What are my rights as an involuntary patient in Ireland?

In rare cases, a group of mental health professionals could keep you in hospital against your will to keep you safe. Even though you cannot leave when you choose, you still have rights as an involuntary patient. You must be made aware of your rights within the first 24 hours of your involuntary admission to hospital. This will involve your consultant psychiatrist giving you a written statement explaining your rights during your stay. This statement should contain the following information:

  • When your admission order or renewal order was made
  • What treatments have been recommended for you during your stay
  • That you may stay in the hospital as a voluntary patient
  • That you have the right to a solicitor
  • That your involuntary stay will be reviewed by a Tribunal
  • That you can appeal the decision of the Tribunal to the Circuit Court
  • That you may contact the Inspector of Mental Health Services if you want to make a complaint
  • That you can request a second review of your admission order after 3 months if your stay is for longer than 3 months.

Your consultant psychiatrist must also let the mental health commission know about your admission within the first 24 hours so they can organise an independent review of their decision called a mental health tribunal. Mental health tribunals help make sure that the law was followed when you were admitted to hospital. Tribunals are held to support you and to protect your rights. As part of the tribunal, a lawyer will be assigned to you free of charge. They will represent you and help you at your Tribunal.

The mental health commission has a booklet that explains the rights that involuntary patients have in Ireland. This booklet has been designed to help people understand more about your stay in hospital and their rights as an involuntary patient as outlined in the Mental Health Acts 2001 – 2018. The information in the booklet is based on questions commonly asked by patients.

Can I make a complaint about my inpatient care in Ireland?

Yes. Whether you are a voluntary or involuntary patient receiving mental health treatment, you have a right to make a complaint about the care you are receiving. Each hospital has a complaints procedure in place and has a specific person you can contact if you want to make a complaint. If you don’t feel comfortable making a complaint in person, you can also make it over the phone or in writing.
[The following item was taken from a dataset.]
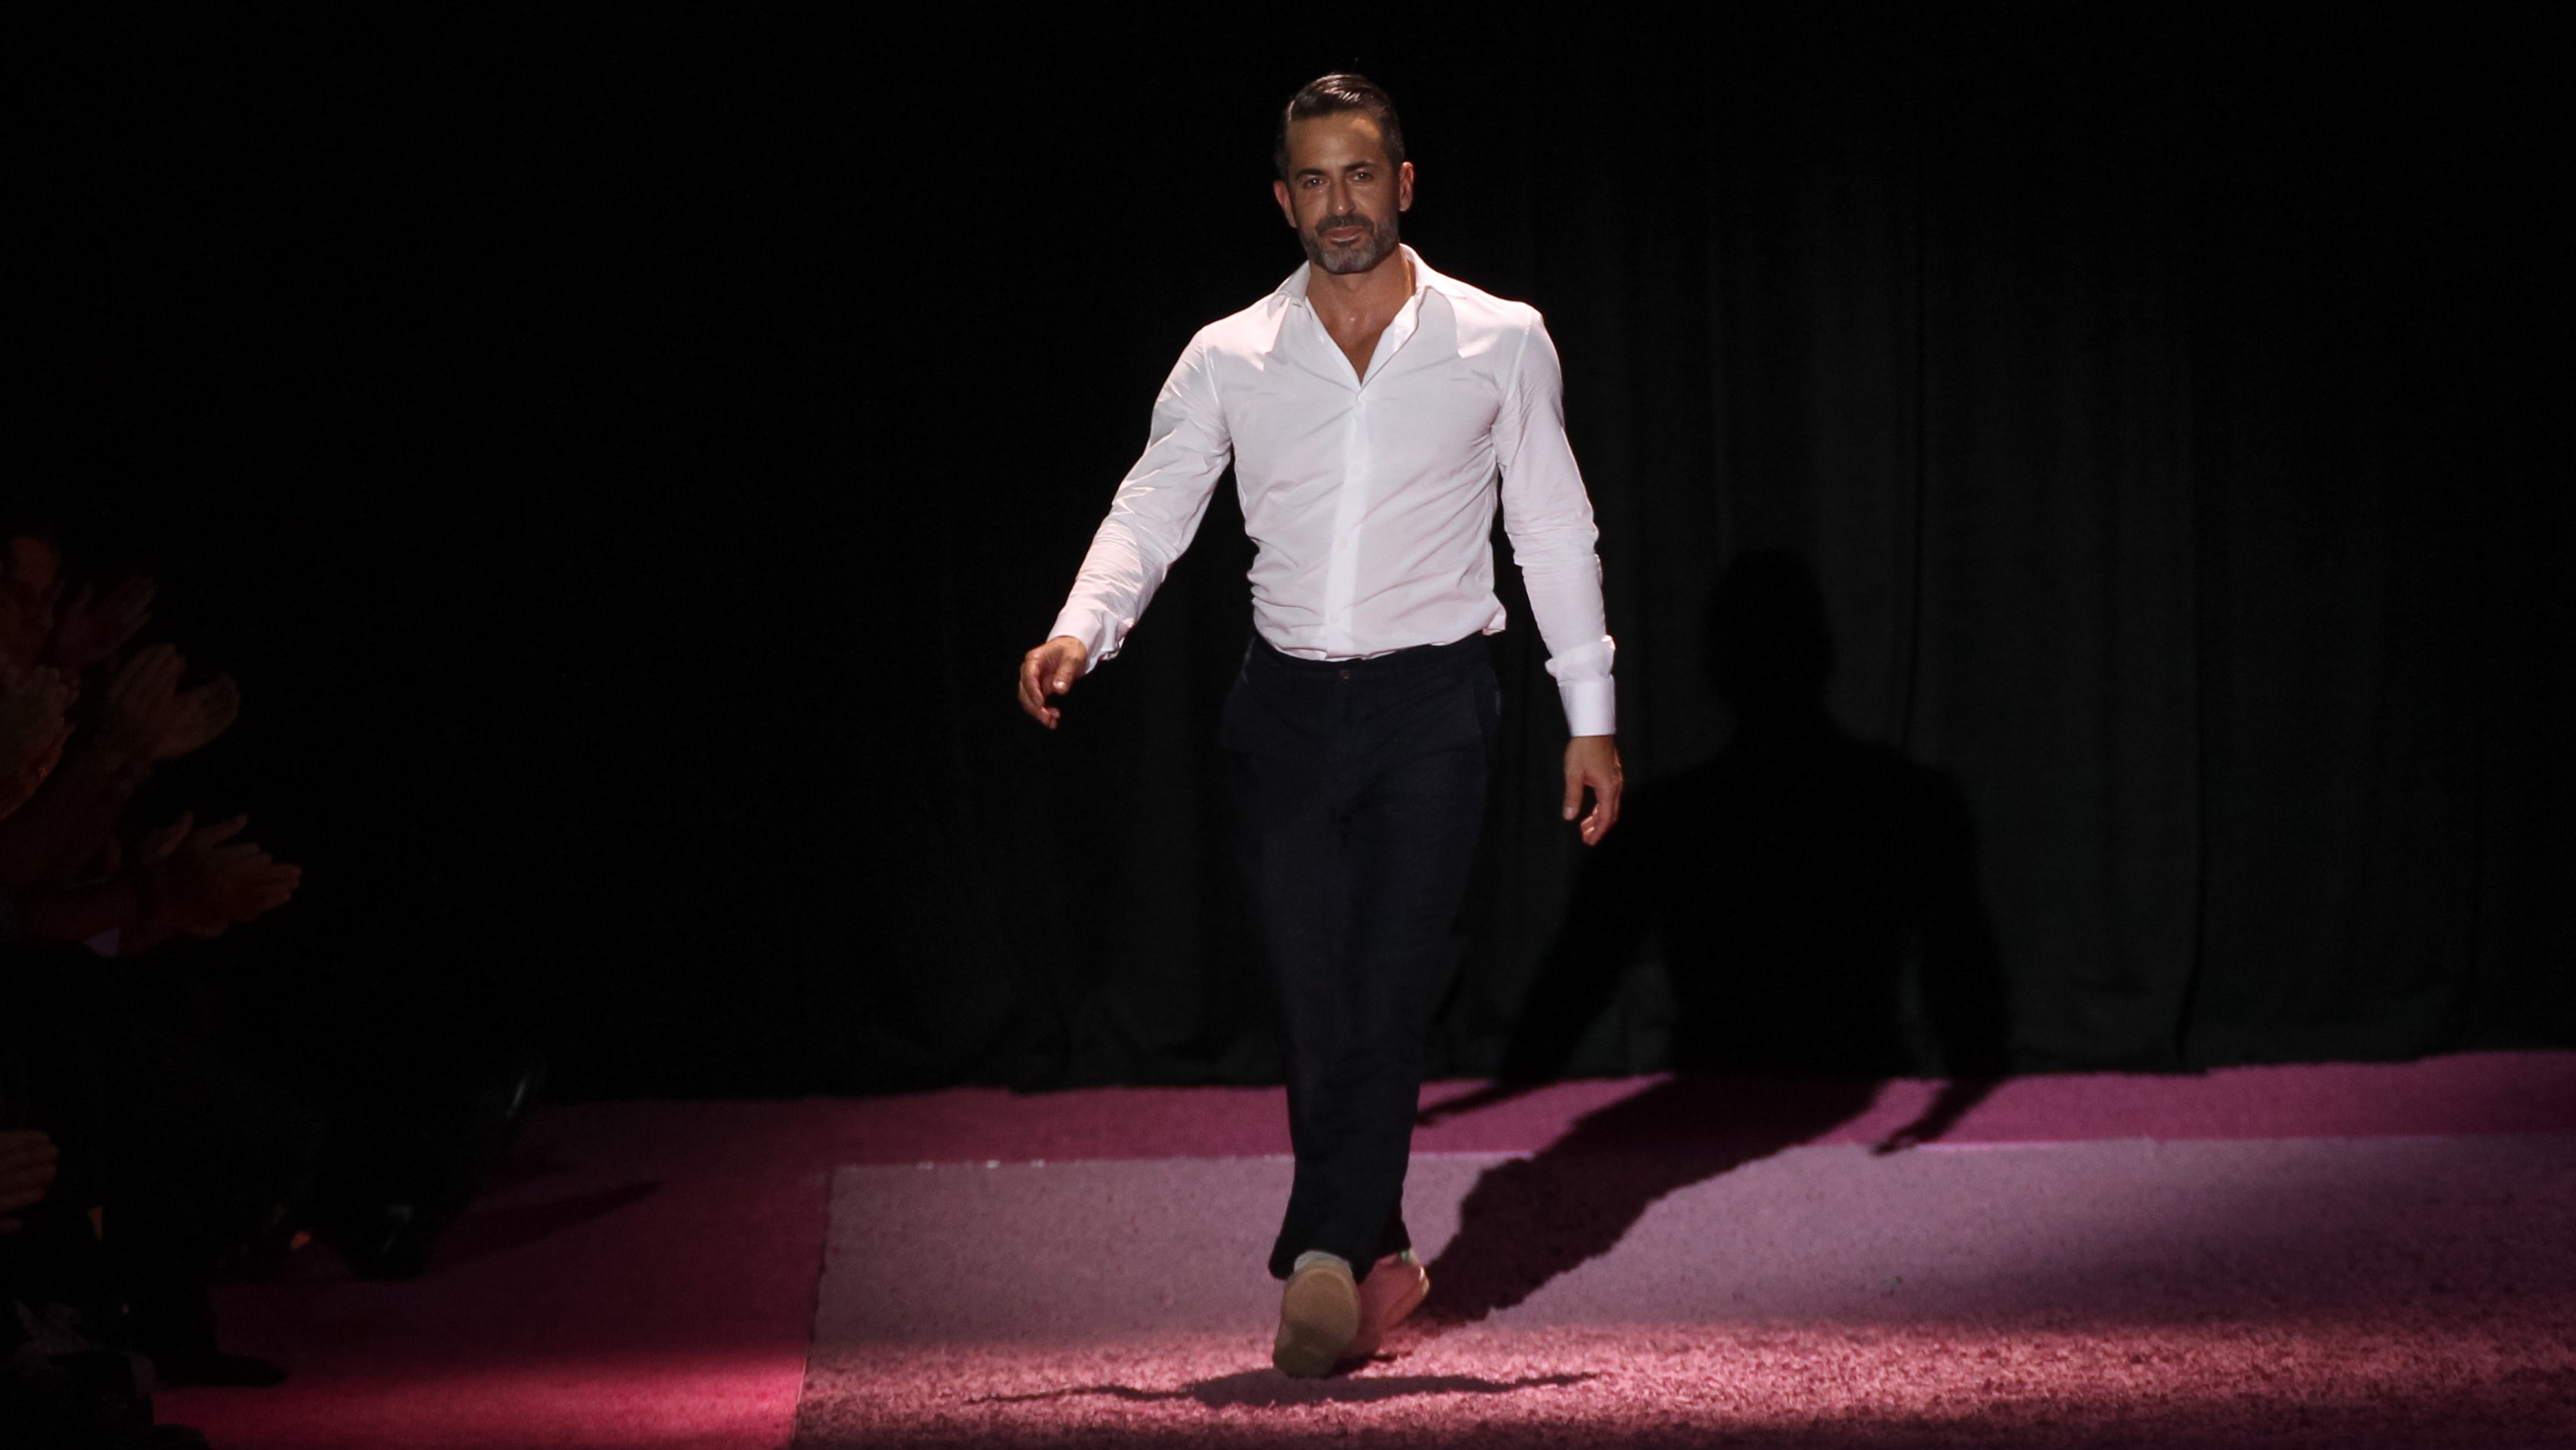 Marc Jacobs in 2015 | Source: Shutterstock
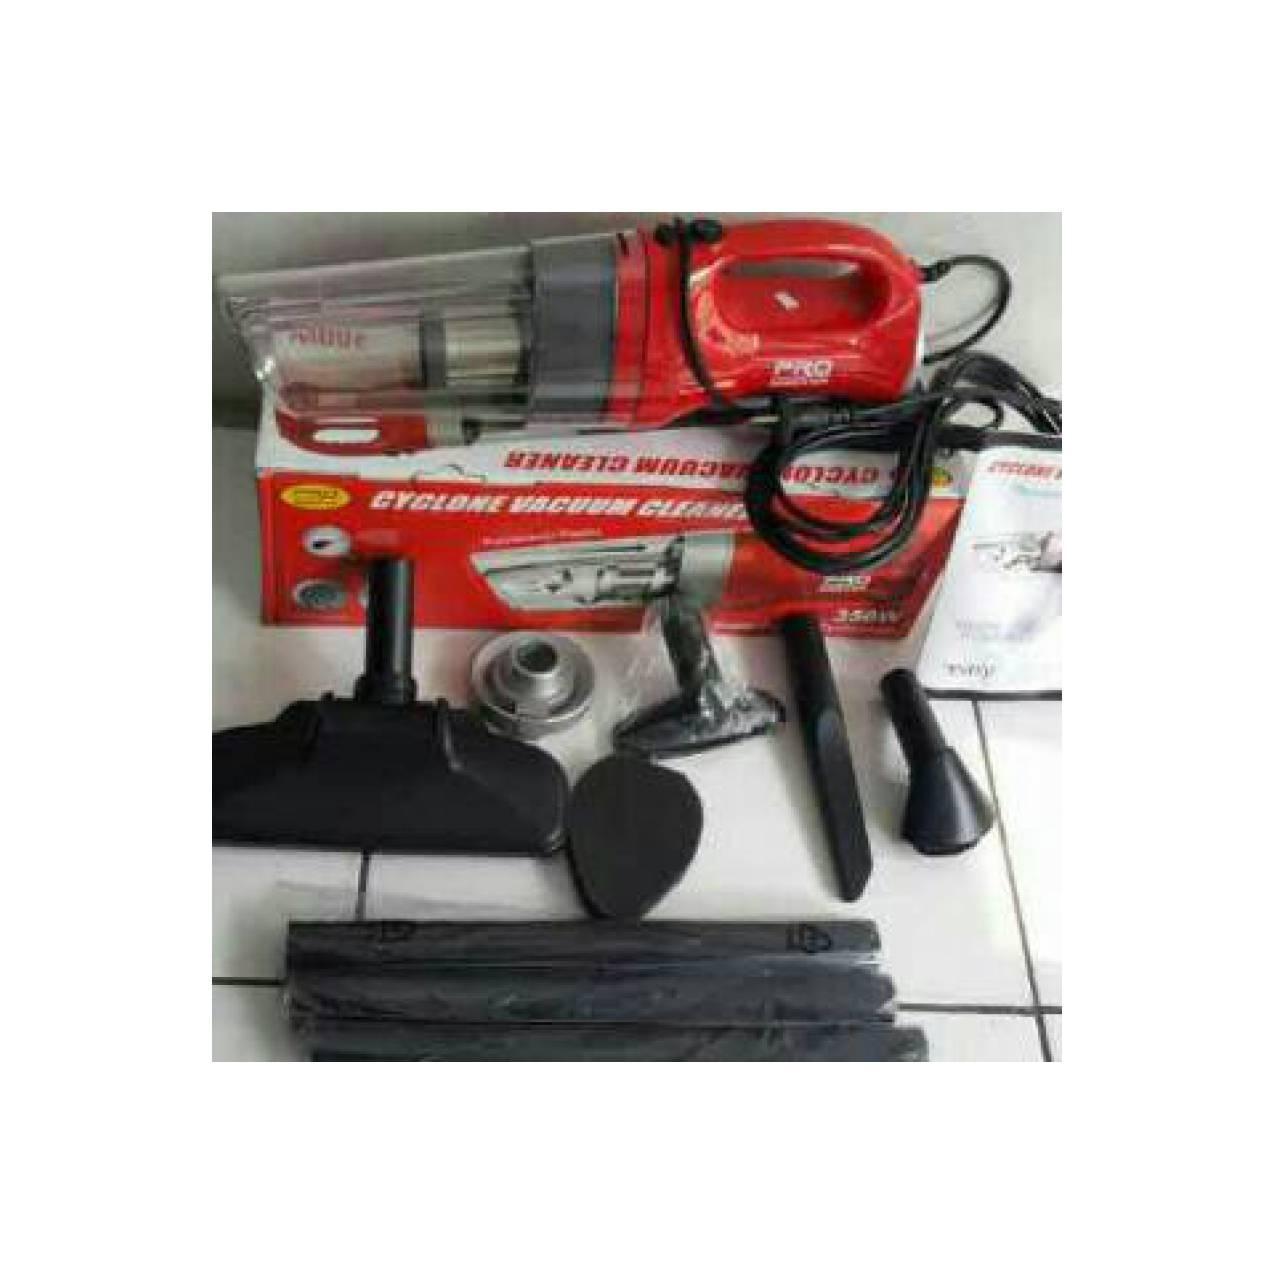 vacum cleaner pro master ez hoover cyclone, vacuum cleaner murah

You can also contact the Mental Health Commission if you want to make a complaint about your care. The Mental Health Commission promotes high standards and good practices in mental health services in Ireland. They do not have the legal powers to investigate complaints themselves but they can point you in the right direction. Email any concerns to: [email protected]

The Mental Health Commission may direct you to the Inspector of Mental Health Services. The inspector is responsible for making sure regulated mental health services in Ireland are providing a good level of care. They visit these services every year to make sure this is happening. If the inspector or assistant inspectors from the Mental Health Commission are visiting the hospital where you are receiving treatment, you have a right to talk to them and they will ask if you would like to speak to them.